TLDRs:
- Uber says AI tools now produce about 10% of internal codebase
- Company introduces spending caps after exhausting its AI coding budget
- Developers rely on tools like Cursor and Claude Code
- Broader industry faces rising costs and tightening AI software budgets
Uber has revealed that artificial intelligence is now responsible for generating roughly 10% of its internal code, marking a significant shift in how one of the world’s largest ride-hailing and delivery platforms builds and maintains its software systems. The milestone underscores how quickly AI-powered development tools have moved from experimental use cases into core engineering workflows.
According to senior executives, the company’s AI adoption has accelerated across multiple departments, not just traditional software engineering teams. While developers remain the primary users, legal and marketing departments have also begun integrating AI tools into daily operations to streamline tasks and improve productivity.
Despite the rapid adoption, Uber executives emphasized that the relationship between AI usage and measurable product improvements is still being evaluated. The company is carefully assessing whether increased reliance on coding assistants is directly translating into better consumer-facing features.
Budget Pressures Force Caps
Alongside its growing reliance on AI tools, Uber has also introduced strict cost controls. The company recently capped employee spending on AI coding tools at around $1,500 per month per tool after exhausting its allocated AI budget earlier in the year.
The limit applies to popular developer platforms such as Cursor and Anthropic’s Claude Code, both widely used for generating and assisting with software development tasks. Employees are able to monitor their usage through internal dashboards and can request special approval if they need to exceed the set cap.
This move highlights the rapidly rising cost of scaling AI across large enterprises. While these tools can boost productivity, they also introduce unpredictable and sometimes significant operational expenses, especially for heavy users.
Mixed Impact on Productivity
Uber leadership noted that AI agents are now responsible for approximately one-tenth of all committed code within the company. However, executives remain cautious about overstating the immediate benefits of this shift.
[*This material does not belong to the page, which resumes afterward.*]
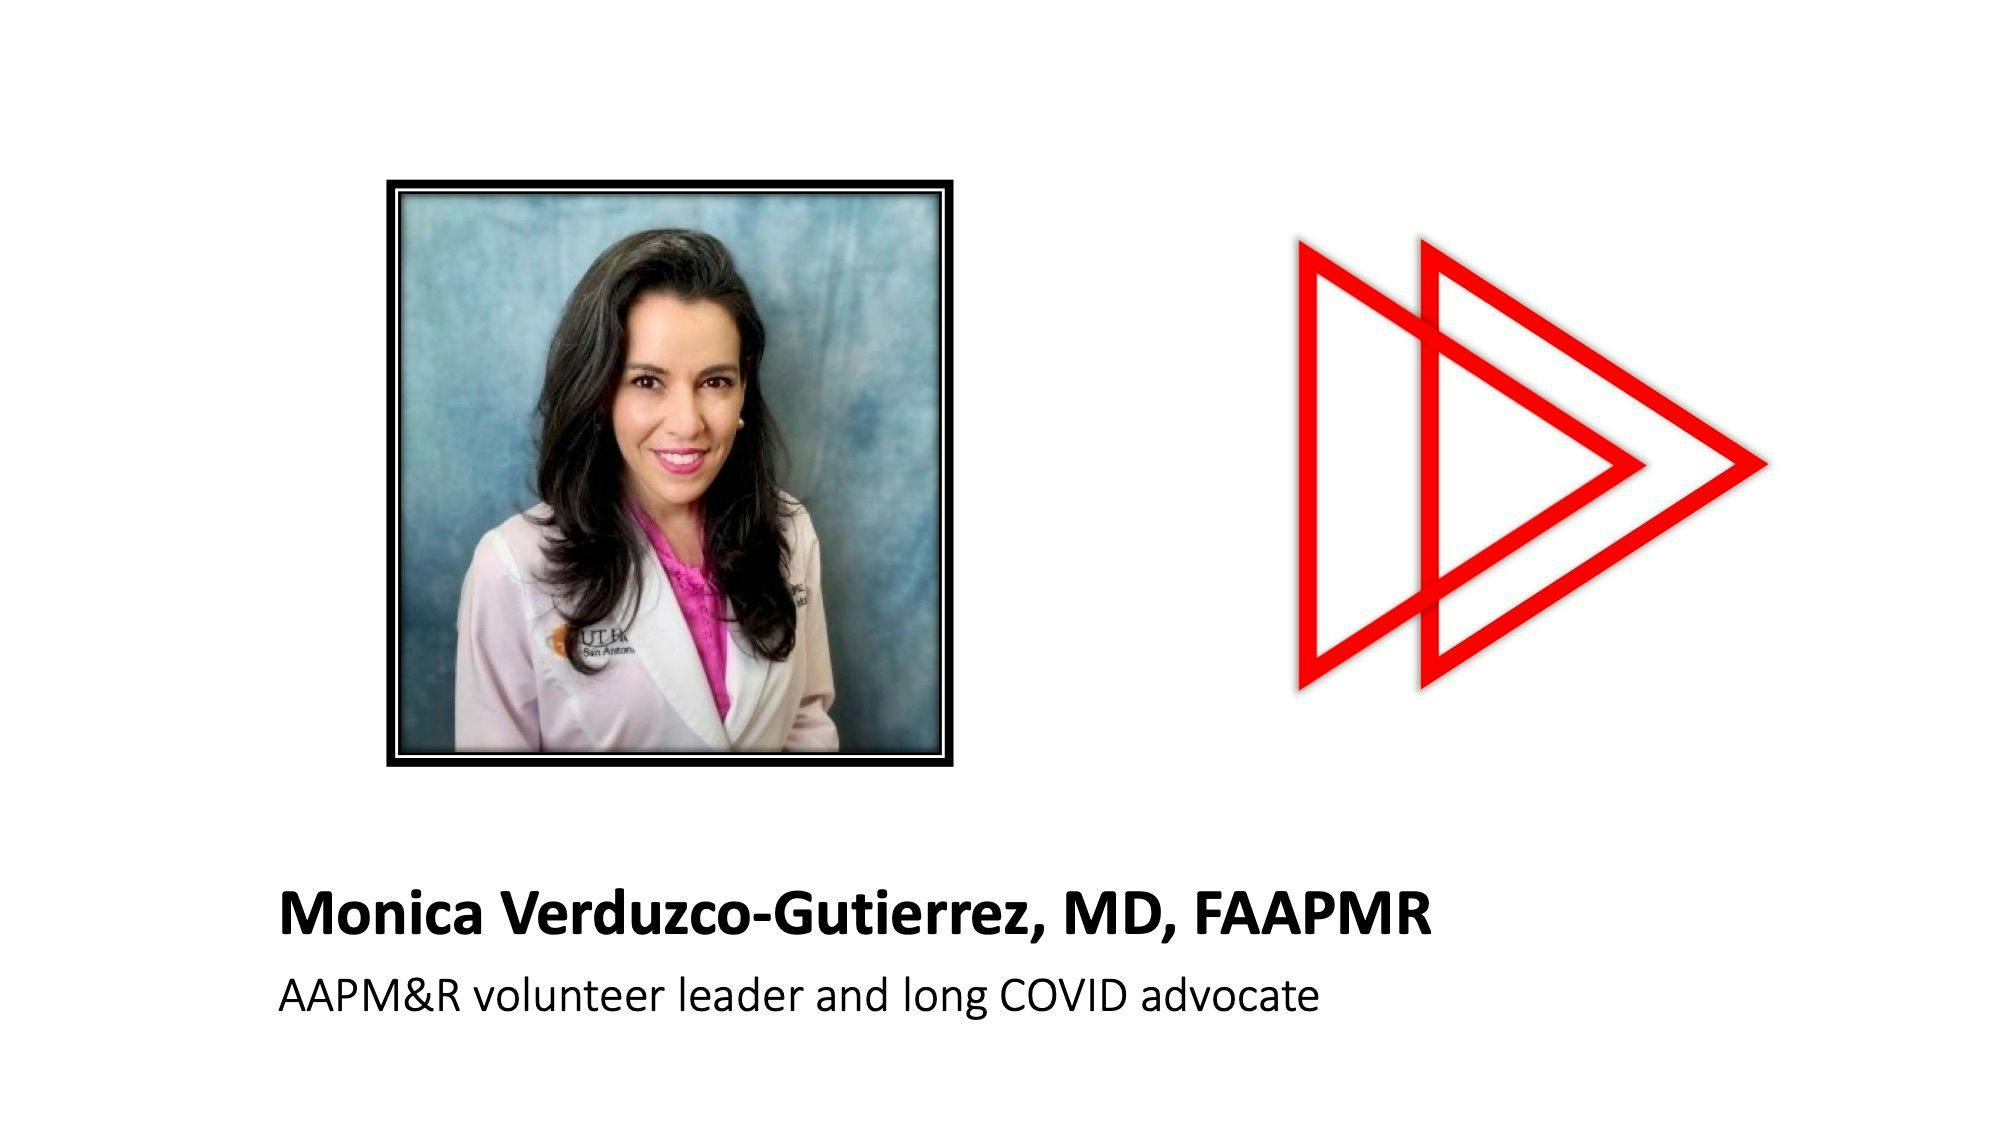 Monica Verduzco-Gutierrez, MD, FAAPMR, gives expert advice

President and COO Andrew Macdonald pointed out that while usage of tools like Claude Code is increasing, it is not yet clear how directly this translates into improved consumer product performance. In other words, more AI-generated code does not automatically mean better or faster product innovation.
CEO Dara Khosrowshahi has also highlighted the expanding role of AI across different departments, signaling that the company sees long-term potential beyond just engineering. Still, Uber appears to be balancing enthusiasm for AI with a measured approach to its real-world business impact.
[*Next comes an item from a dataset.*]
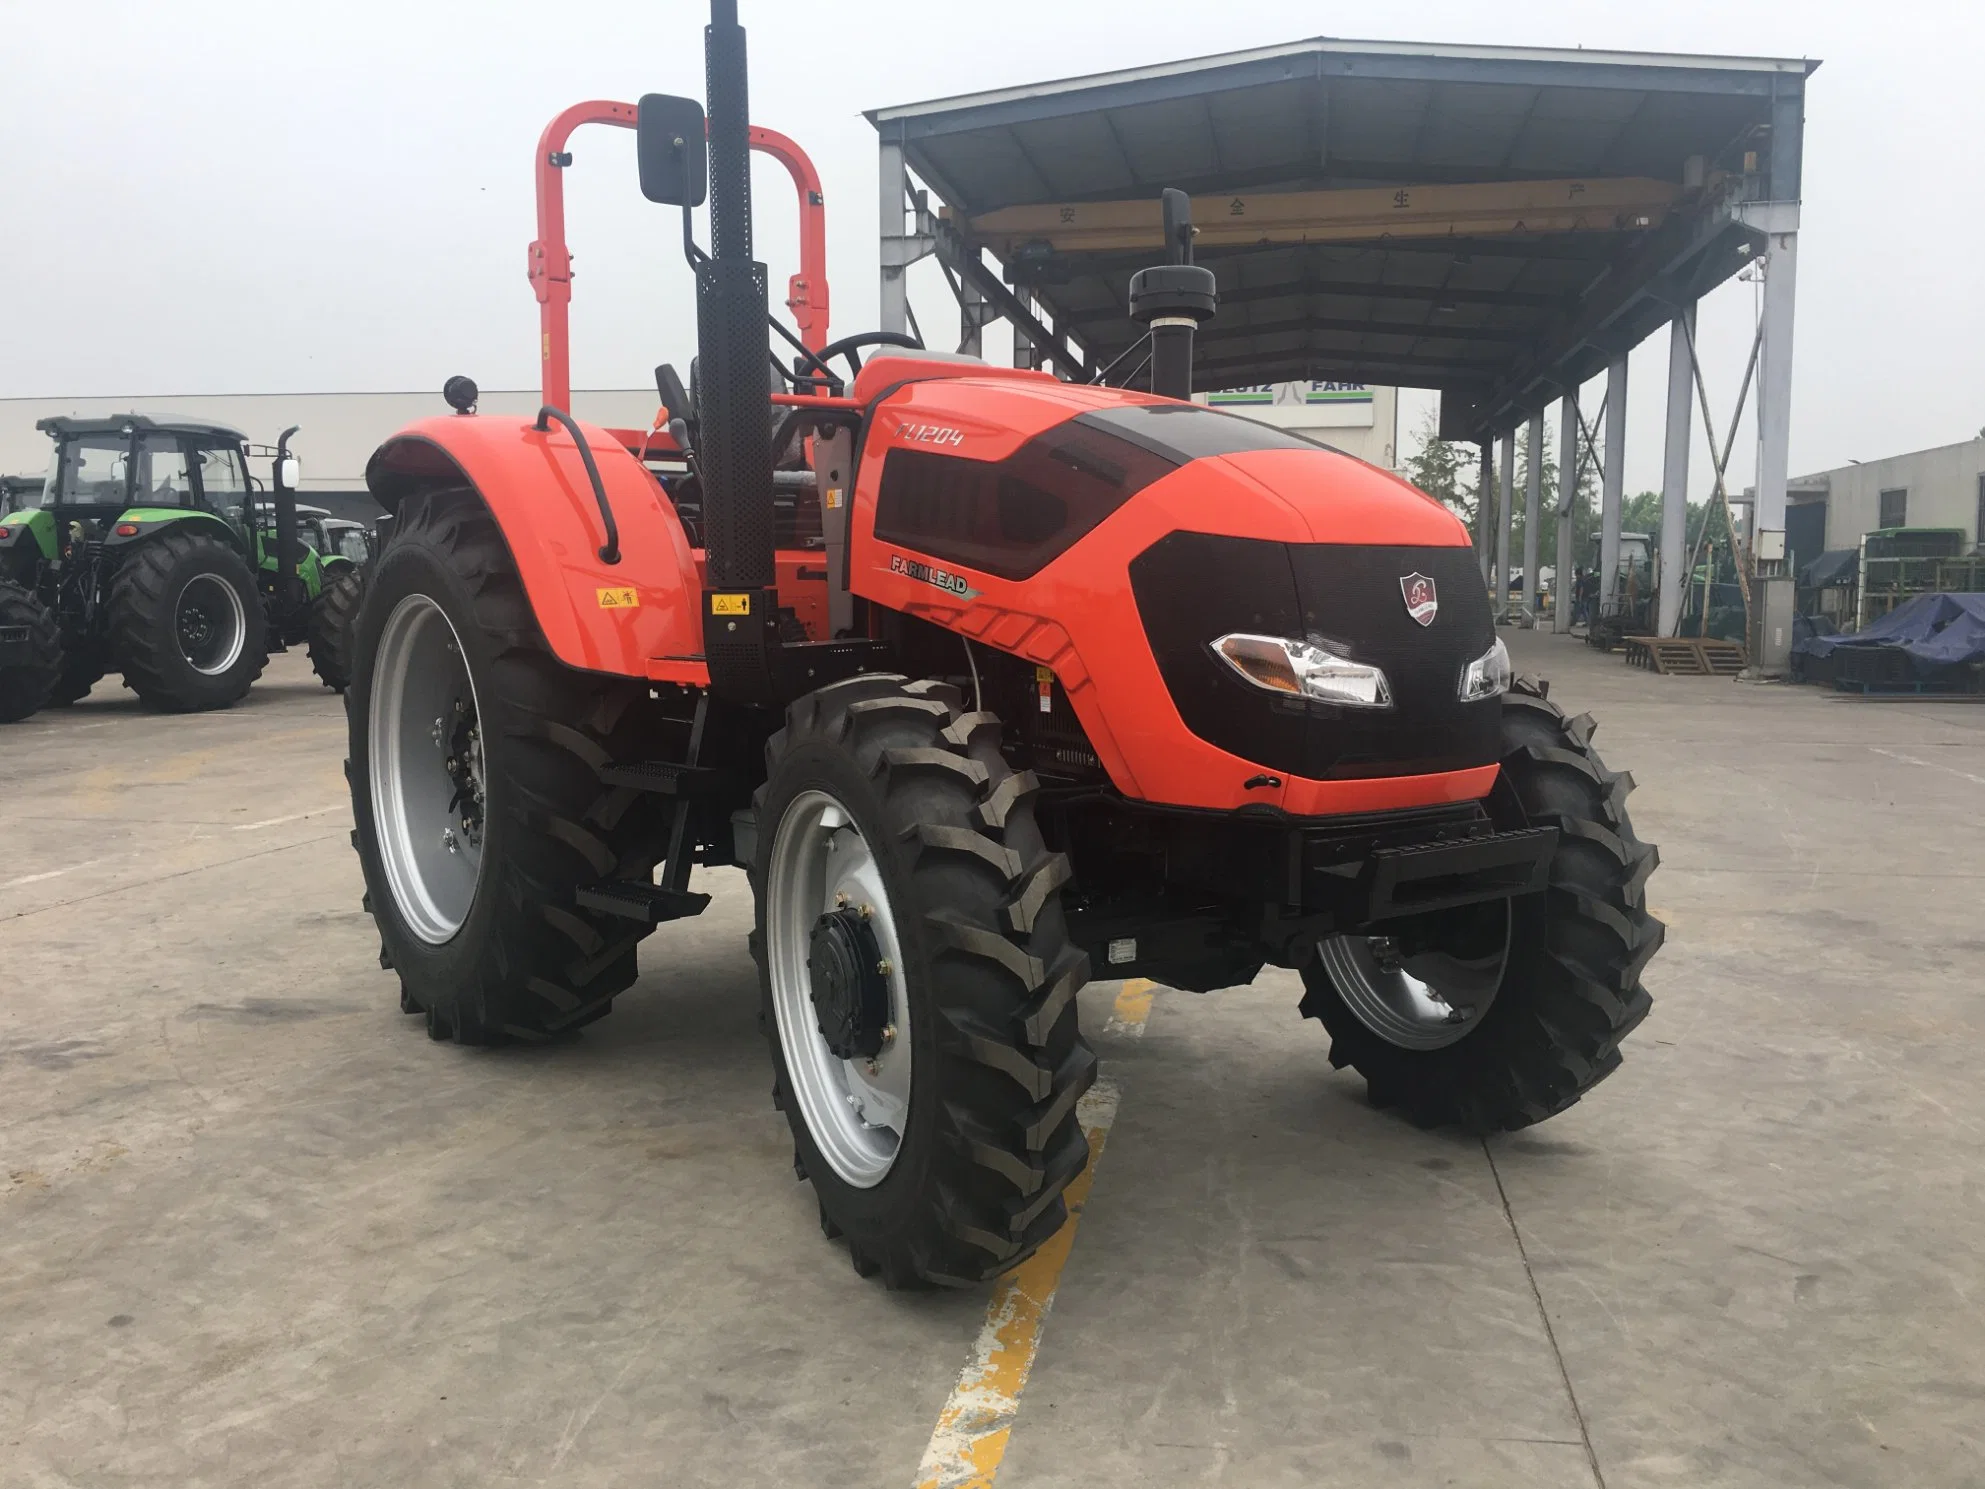 FL1404 tractor 1-120hp 4WD cabina de campo de Sinopard tractor agrícola Tractores de aperos

Industry-Wide Cost Realignment
Uber’s decision also reflects a broader trend across the technology sector, where companies are beginning to rein in AI-related spending after rapid early adoption. As AI coding tools become more powerful and widely used, their pricing structures have created new challenges for enterprise budgets.
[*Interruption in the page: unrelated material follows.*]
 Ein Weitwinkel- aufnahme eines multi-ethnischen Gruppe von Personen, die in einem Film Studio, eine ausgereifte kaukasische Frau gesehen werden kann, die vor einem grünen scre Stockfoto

Some platforms, such as Cursor, offer custom enterprise pricing models, but third-party analyses suggest that heavy usage can still lead to significant daily overage charges beyond standard licensing fees. This unpredictability is pushing companies to introduce tighter controls.
Other tech giants are making similar adjustments. Microsoft, for example, has reportedly reduced direct use of Claude Code among engineers and is shifting teams toward GitHub Copilot’s command-line tools as part of its own cost optimization strategy.
Uber’s latest move highlights a critical turning point: AI is no longer just an experimental productivity booster, but a cost-sensitive infrastructure layer that companies must actively manage.